That's not good. For the sake of users who are not always connected to
the internet, I'd strongly prefer for the Guix boot process of a desktop
system to *not* be blocked for 30 seconds when there's no active
internet connection.

How about leaving "networking" as it is now, and instead adding a new
service called "network-online" or similar, that requires "networking"
and then waits until a network connection is established?

What do you think?

Mark
R
R
raid5atemyhomework wrote on 19 Mar 2021 17:03
(name . Mark H Weaver)(address . mhw@netris.org)(name . 47253@debbugs.gnu.org)(address . 47253@debbugs.gnu.org)
Qw8LEYPetewimqDmATAmRMsL3NFdSqxQjyMwq6bvH9WEeAeLGcRFwDb5dZ6gGXHECMhFV6NcTkrRu9K_ZS5TgX8zIFr29swilZct5lOGVaw=@protonmail.com
Hello Mark,

Toggle quote (15 lines)
> > Of course, the big problem is that Shepherd is single-threadded and
> > `nm-online` will block all other bootup.
>
> That's not good. For the sake of users who are not always connected to
> the internet, I'd strongly prefer for the Guix boot process of a desktop
> system to not be blocked for 30 seconds when there's no active
> internet connection.
>
> How about leaving "networking" as it is now, and instead adding a new
> service called "network-online" or similar, that requires "networking"
> and then waits until a network connection is established?
>
> What do you think?


Ideally the `init` system should be multithreaded, such that anything that isn't dependent on `networking` does not get delayed but gets started as soon as its dependencies complete.

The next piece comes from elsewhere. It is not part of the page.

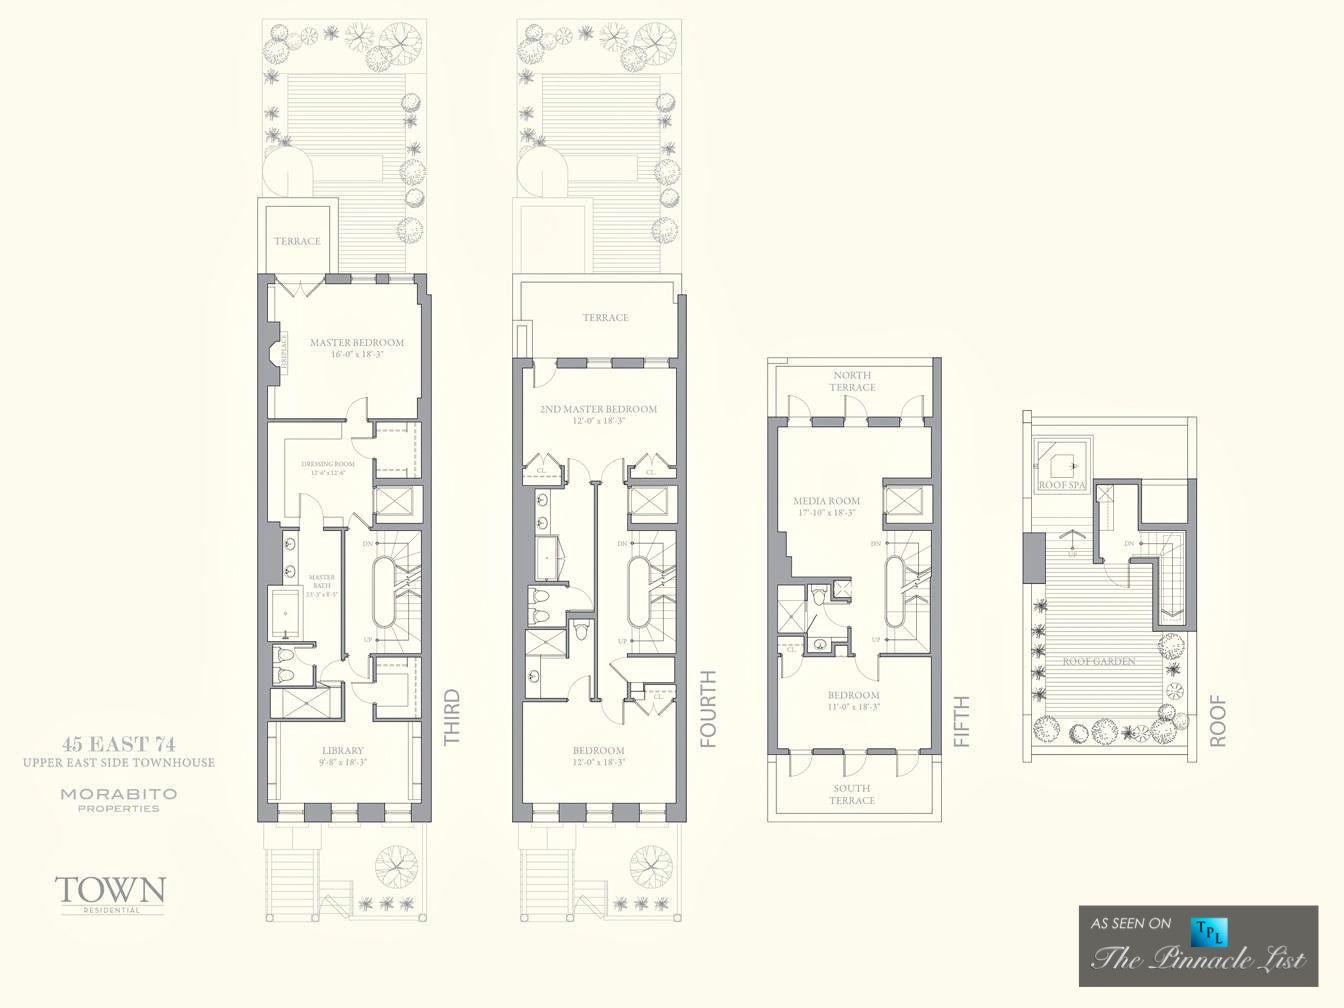 new york townhouse floor plans. Floor Plan  26 Million Upper East Side Townhouse 45 74th St New

In particular, `transmission-daemon-service-type` creates a Shepherd service that is dependent on `networking`, but is in fact the second daemon I mentioned, which fails to properly bind to the command 9091 port, requiring the daemon to be restarted each time. So if we use a separate `network-online` shepherd provision, `transmission-daemon-service-type` also needs to be modified (on my system I have a separate provision similar to your `network-online` idea and I wrote my own shepherd service for `transmission-daemon` just to add this requirement).

With a separate `network-online` shepherd provision we would also need to audit all the other network-requiring daemons to see if similar problems exist.

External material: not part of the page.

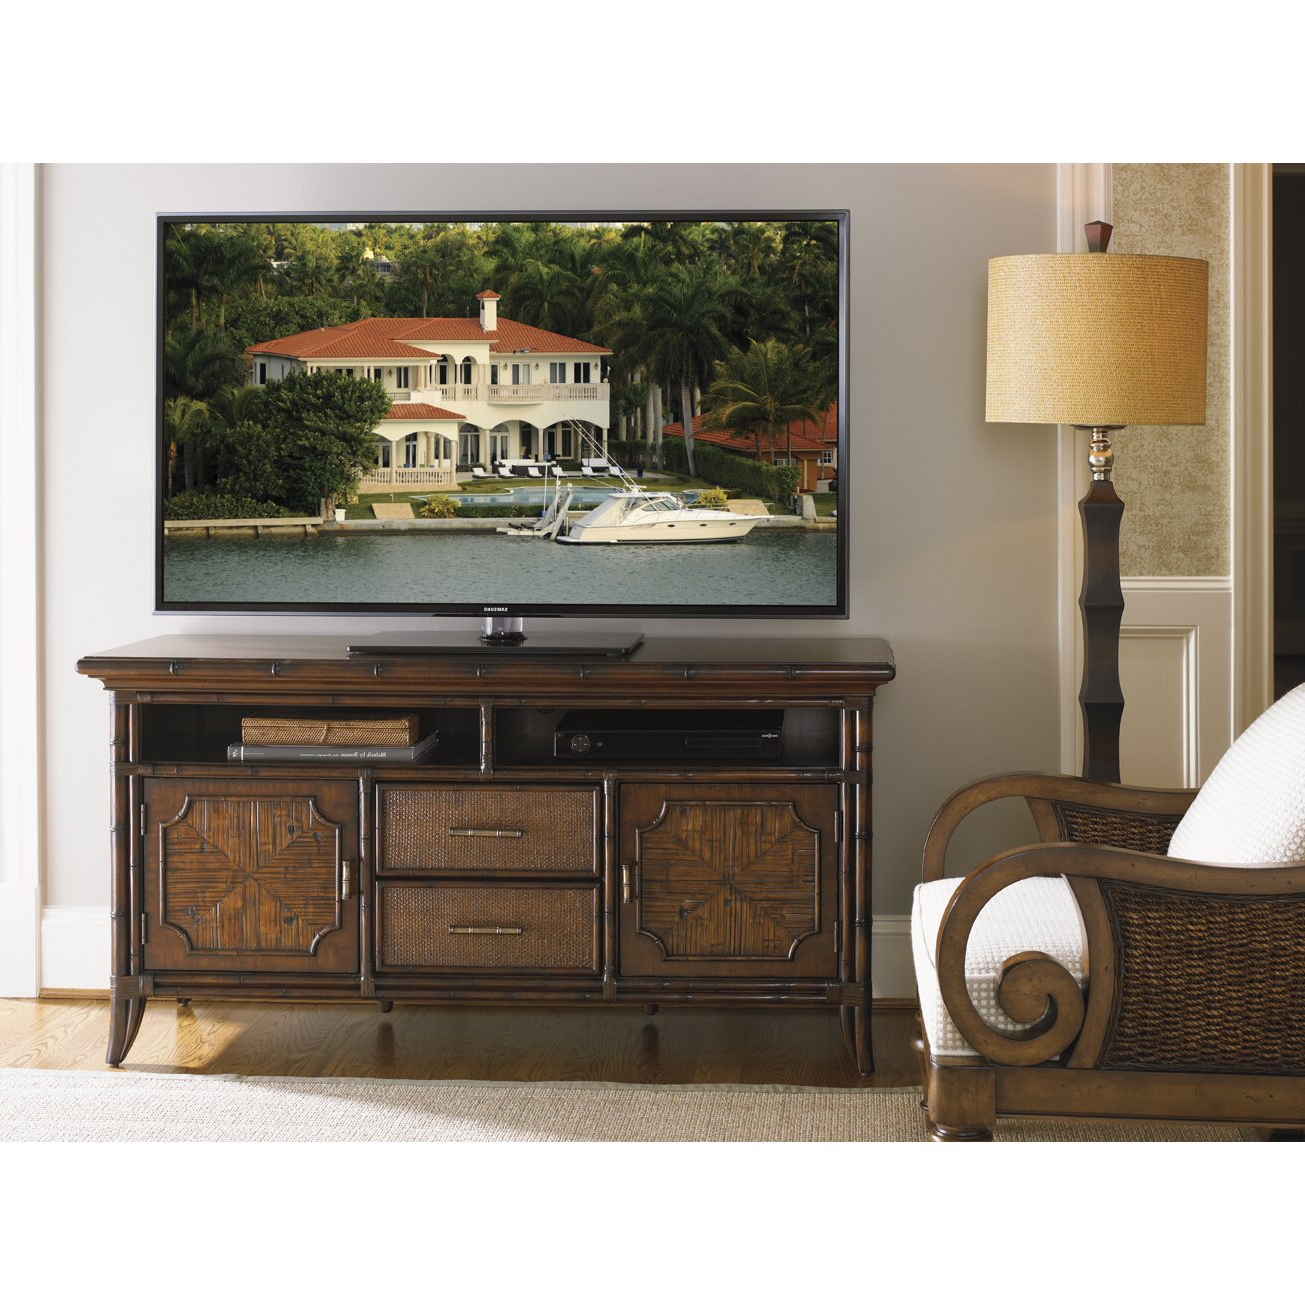 Sligh Bal Harbor Crystal Bay Tv Stand   Wayfair Regarding Harbor Wide Tv Stands (View 6 of 20)

As well, `networking` is provided by multiple possible services, so if we add a separate `network-online` we also need to modify the other options.

* `network-manager-service-type`.
* `dhcp-client-service-type`.
* `wicd-service-type`.
* `connman-service-type`.

For that matter, we probably need to review the above other options, as they might just start up the networking service without actually ensuring that the networking service has actually completed. I use `network-manager-service-type` as part of `%desktop-services` but if this issue isn't properly handled by Guix for NetworkManager then it probably isn't properly handled for the above other options --- in all likelihood the network interfaces are not available just after the networking shepherd services are started.

In addition --- do we always have a `network-online` shepherd service, or not?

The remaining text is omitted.